The ACCESS Act of 2025 mandates that large communications platforms enable easier data portability, ensure interoperability with competitors, and allow authorized third-party agents to manage user accounts under FTC oversight.
Mark Warner
Senator
VA
The ACCESS Act of 2025 mandates that large communications platforms must enable users to easily transfer their data to competing services and ensure their platforms are interoperable with rivals. This legislation aims to increase competition by breaking down "walled gardens" for major digital services. The Federal Trade Commission (FTC) is tasked with enforcing these new portability and interoperability requirements. Furthermore, the Act establishes rules allowing trusted third parties to manage user accounts on the user's behalf.
The Augmenting Compatibility and Competition by Enabling Service Switching Act of 2025—the ACCESS Act—is a major push to break up the digital walled gardens built by the biggest tech companies. Simply put, this bill requires the largest communications platforms (those with over 100 million U.S. users that profit from your data) to make it easy for you to take your data and communicate with people on rival services. It mandates two core technical requirements: portability (moving your data) and interoperability (communicating across platforms). The goal is to give consumers more choice and to give smaller competitors a fair shot at breaking into the market. This isn't just about Facebook or Twitter; it hits any communications platform that fits the size and data monetization criteria (Sec. 2).
Think of portability like moving your entire digital life—photos, posts, contacts, messages—from one massive platform to another, without having to manually download and re-upload everything. Under Section 3, large platforms must maintain interfaces that allow you, or a competing service you authorize, to securely transfer your user data in a standard, machine-readable format. This is huge because right now, your data is often locked in proprietary formats, making it nearly impossible to switch services without losing years of content. For the busy professional who relies on one platform for networking, this means less fear of being locked in if a better, newer service comes along. However, there’s a catch: if a large platform offers a specific product or service where they don't make money from collecting, using, or selling your data, that specific service is completely exempt from these portability rules (Sec. 3, Sec. 4).

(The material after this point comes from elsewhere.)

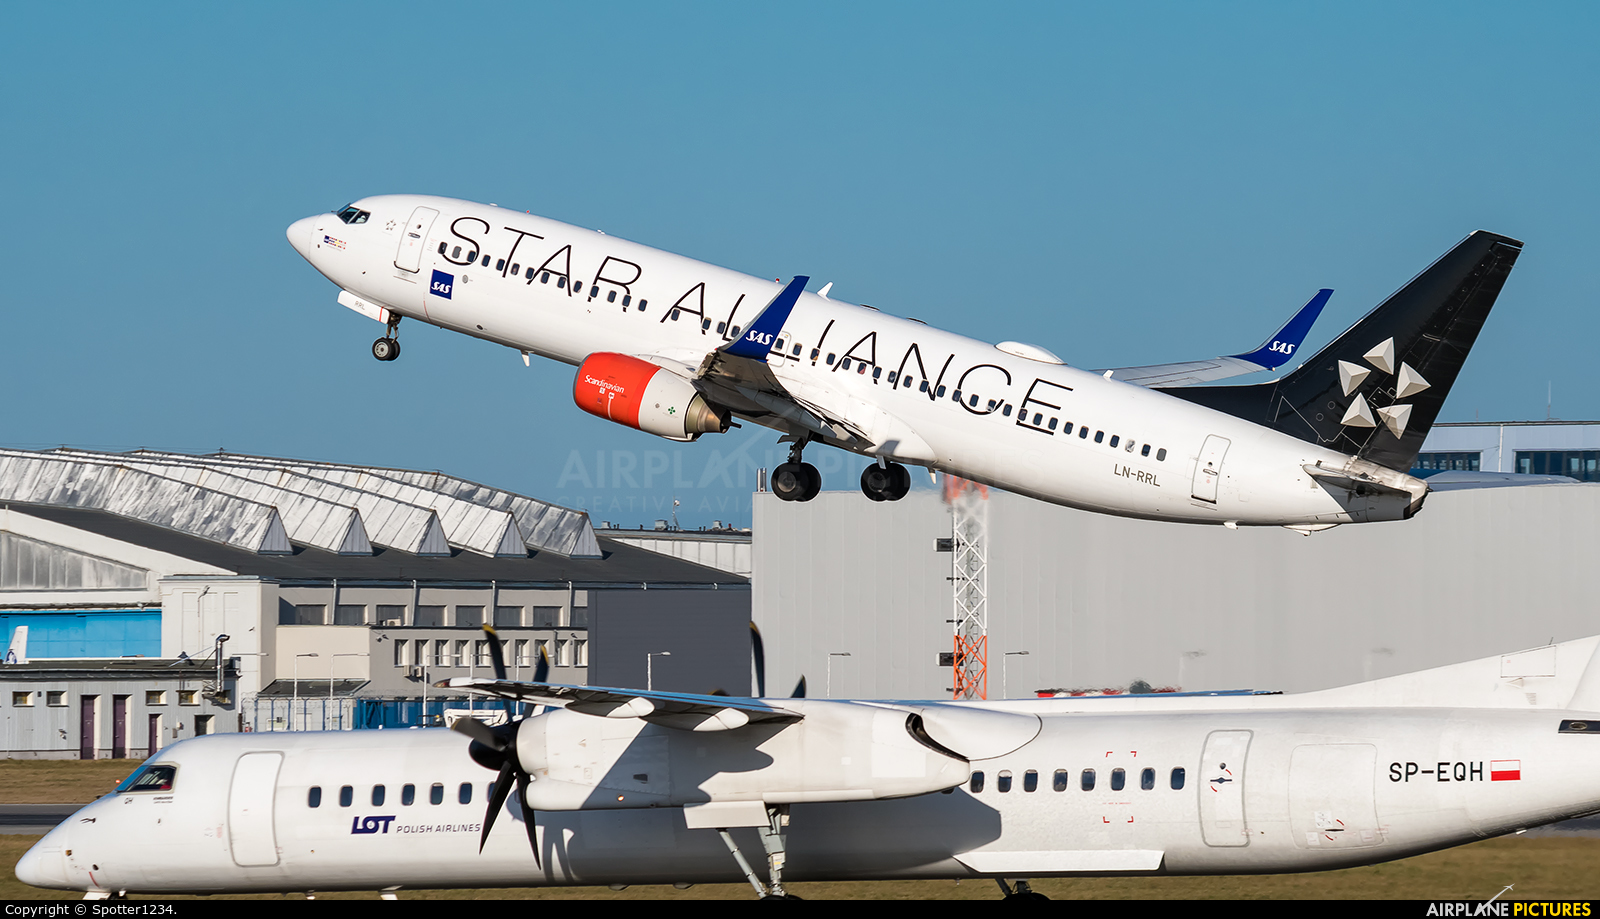 SAS - Scandinavian Airlines LN-RRL aircraft at Warsaw - Frederic Chopin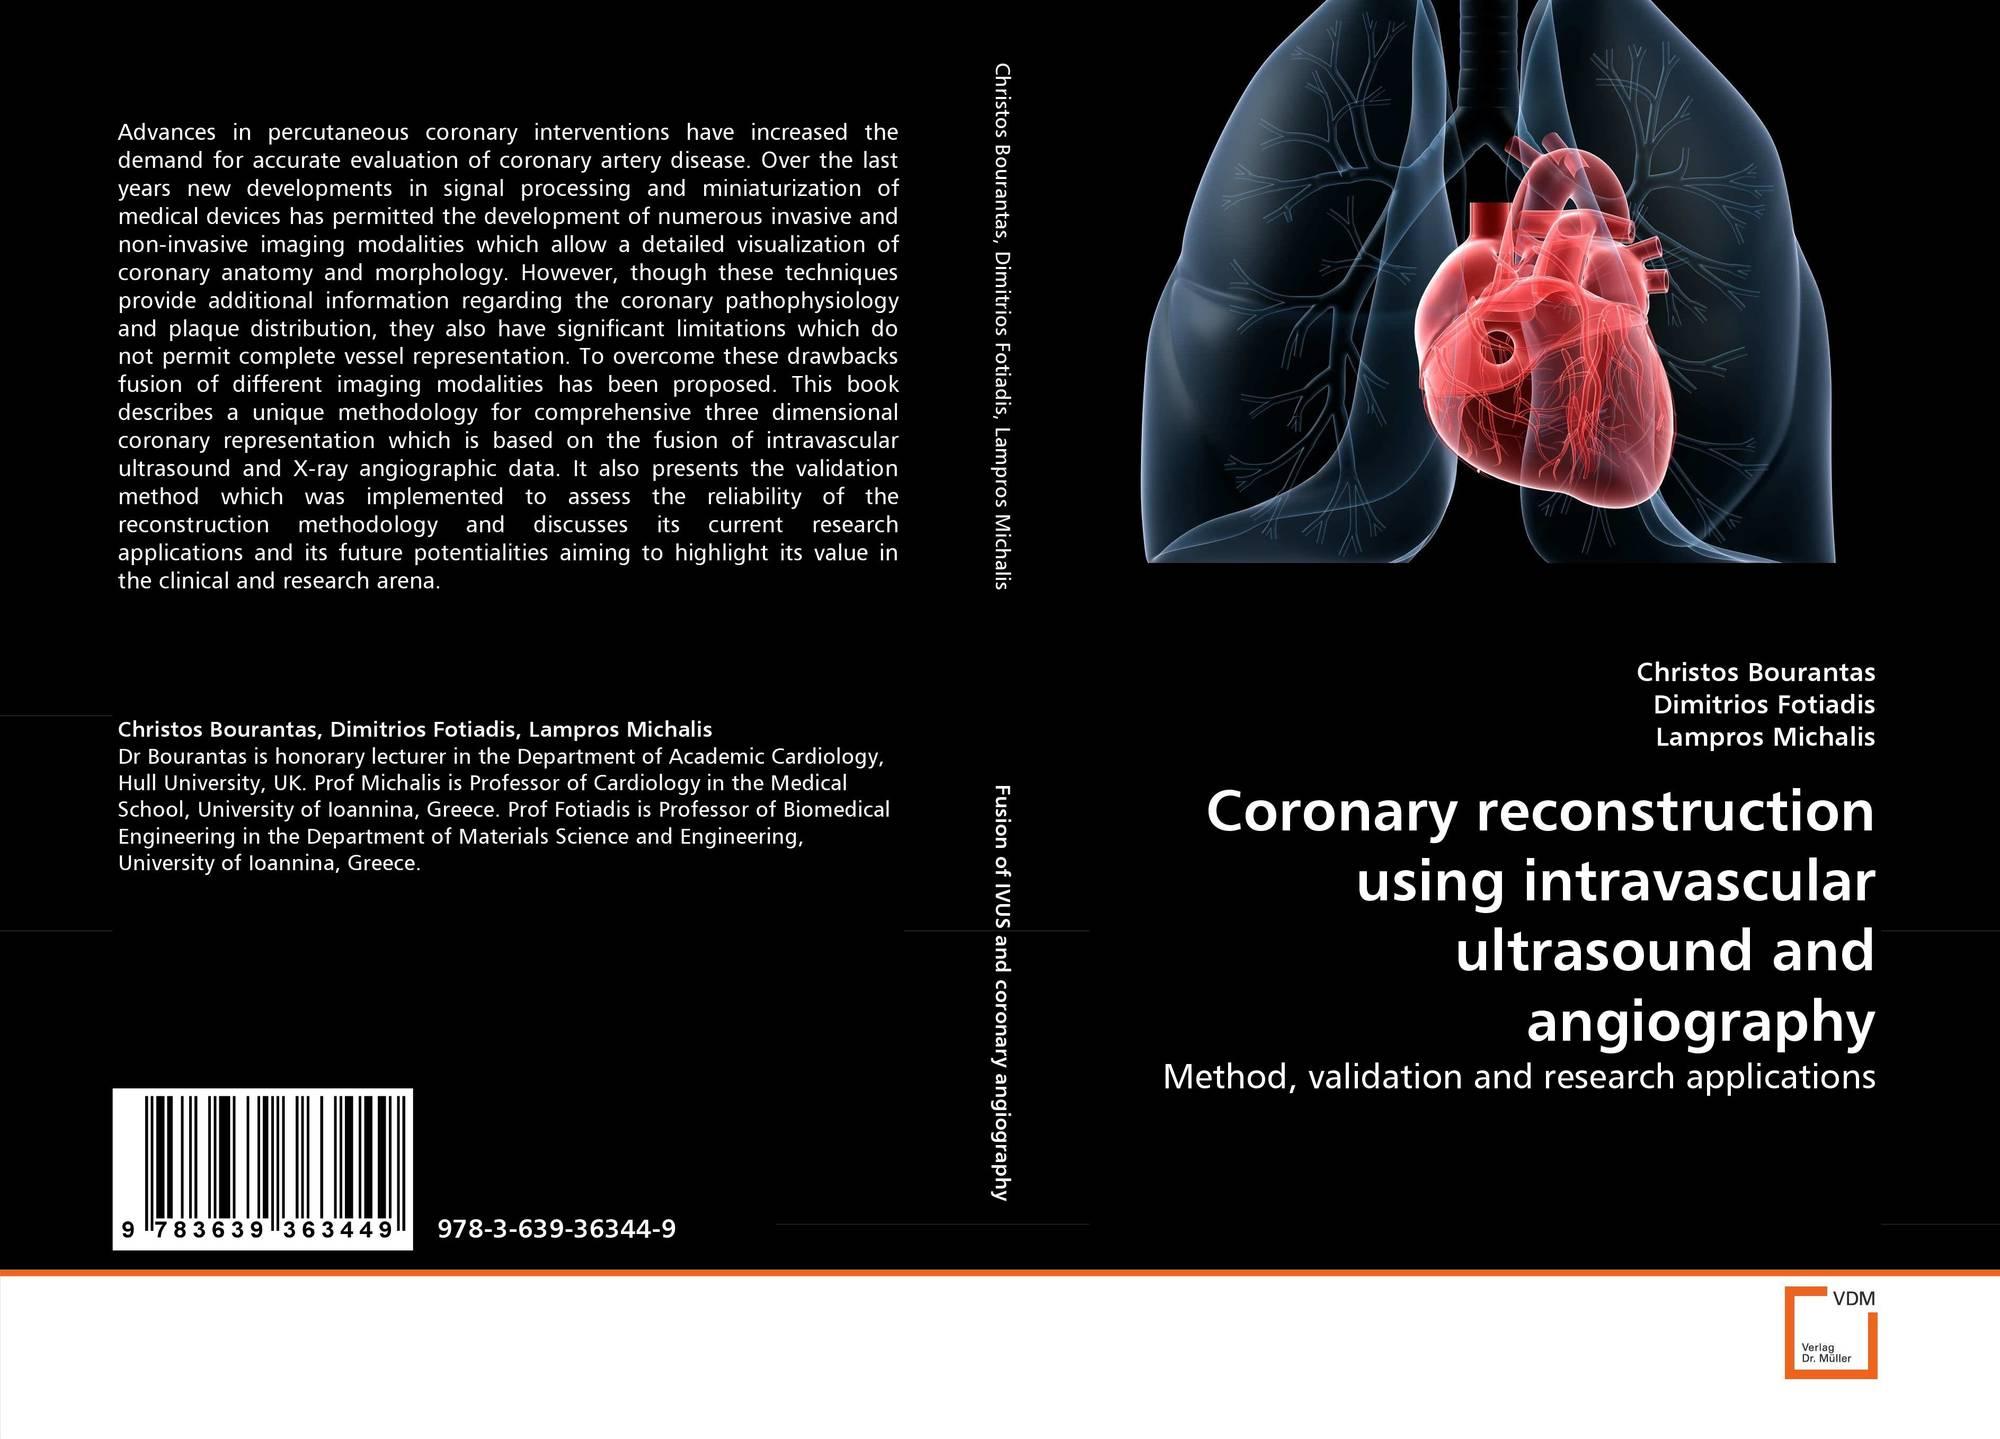 Coronary reconstruction using intravascular ultrasound and

Interoperability is perhaps the most ambitious part of the bill (Sec. 4). It means that if you’re using Platform A, you should be able to seamlessly communicate with your friend who is only on Platform B. The big platforms must maintain accessible interfaces so users of competing services can communicate with their users. This means the days of needing five different messaging apps just to talk to your contacts might be numbered. The National Institute of Standards and Technology (NIST) is tasked with developing model technical standards within 180 days to help make this happen, focusing on popular services like messaging and social networks (Sec. 6(c)).
While this sounds great for competition, the large platforms can set "reasonable limits" on how often competitors access their systems and charge proportional fees for excessive use (Sec. 4(c)). This is a potential gray area; platforms could use these fees or limits to slow down or discourage competition, even though the bill requires the charges to be proportional to the actual cost and risk. If the platform changes its interface to intentionally undermine a competitor’s access, that counts as breaking the rules.
Section 5 introduces delegatability, which allows you to officially authorize a “custodial third-party agent” to manage your account settings, posts, and interactions as if they were you. Think of this as a digital power of attorney. This is particularly relevant for small business owners who want to outsource social media management or for families managing the accounts of elderly relatives. These agents must register with the FCC, which has 180 days to establish rules for verifying that the user genuinely authorized the agent. Crucially, the agent is strictly prohibited from using your data for their own commercial gain—they can only charge you a fee for their service (Sec. 5(d)).
Enforcement falls primarily to the Federal Trade Commission (FTC), which will treat violations as unfair or deceptive business practices under the FTC Act (Sec. 6(e)). The FTC must also set up a system to handle complaints from users and competing providers. However, two elements need close attention. First, the explicit exemption for any service where the platform doesn't monetize user data could be a significant loophole, allowing platforms to shift features to non-monetized services to avoid compliance. Second, the bill includes a federal preemption clause, meaning this federal law overrides any conflicting state laws (Sec. 6(f)). If your state has stronger existing data portability or platform access laws, the federal law could potentially weaken those protections if they are deemed to be in direct conflict.